I have tried on Firefox, Chrome and Safari. Firefox and Safari just go to a blank white screen. Chrome goes to a white screen that says "This page isn't working talkaboutmarriage.com is currently unable to handle this request HTTP ERROR 500." No error in this category, but I'm unable to post in any other category.


----------



## Emerging Buddhist (Apr 7, 2016)

iPad or Mac?

I use macBook Pro 10.13 with Safari and Ka-Block Safari extension and it works well.


----------



## Affaircare (Jan 11, 2010)

I am using Win10 with Chrome and Adblock extension and it works well. 
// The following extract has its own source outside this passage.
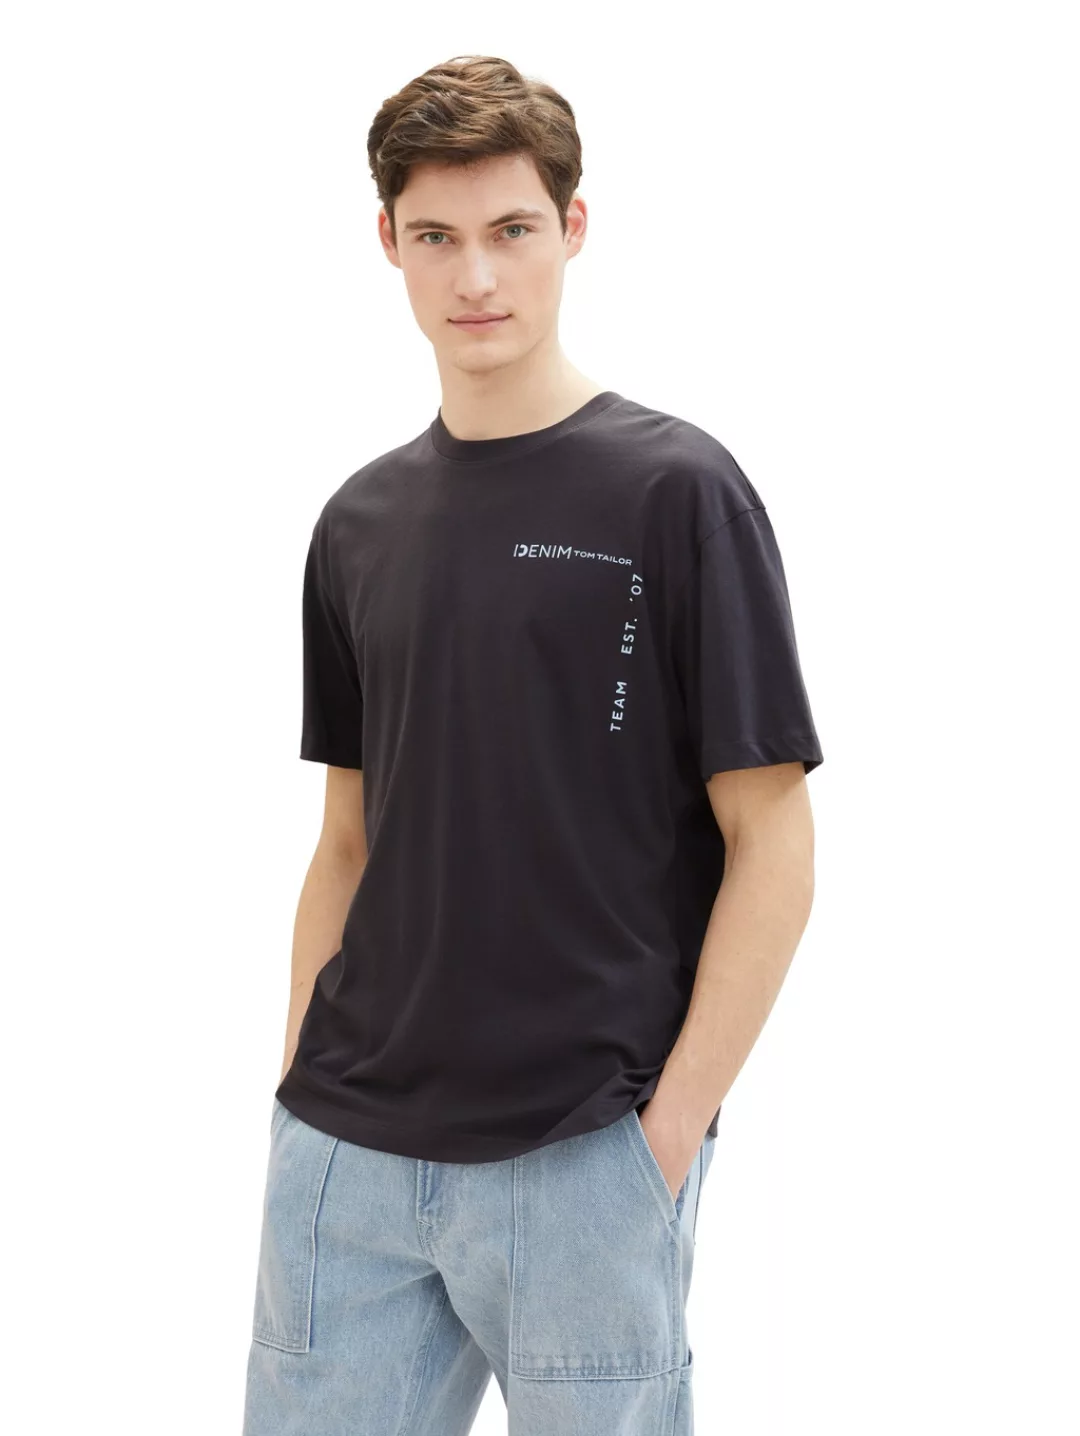 TOM TAILOR Denim T-Shirt, mit großen Print auf dem Rücken günstig online kaufen

I wonder if this is somehow related to the https:// new rule? Have you tried adding https:// to the front of the talk about marriage address in the address bar?


----------



## Administrator (May 8, 2013)

Hello there,

If you put "https://" then the forum will send you to an error page. Did you also try removing your cache and cookies?
Give that a try and let us know if there are any improvements.

Best regards,

Edward


----------



## SAMHAIN (Feb 2, 2018)

I'm having the same issue trying to post a new topic. I just signed up today. Using Chrome on Windows 10. Tried in both incognito and regular mode.


----------



## SAMHAIN (Feb 2, 2018)

SAMHAIN said:


> I'm having the same issue trying to post a new topic. I just signed up today. Using Chrome on Windows 10. Tried in both incognito and regular mode.


Just tried creating a thread from my Andoid phone, still getting the HTTP500 error.


----------



## Administrator (May 8, 2013)

Hey there @SAMHAIN,

I looked into your account and it seems that you are already able to post.
Are you still having issues posting?

Ed


----------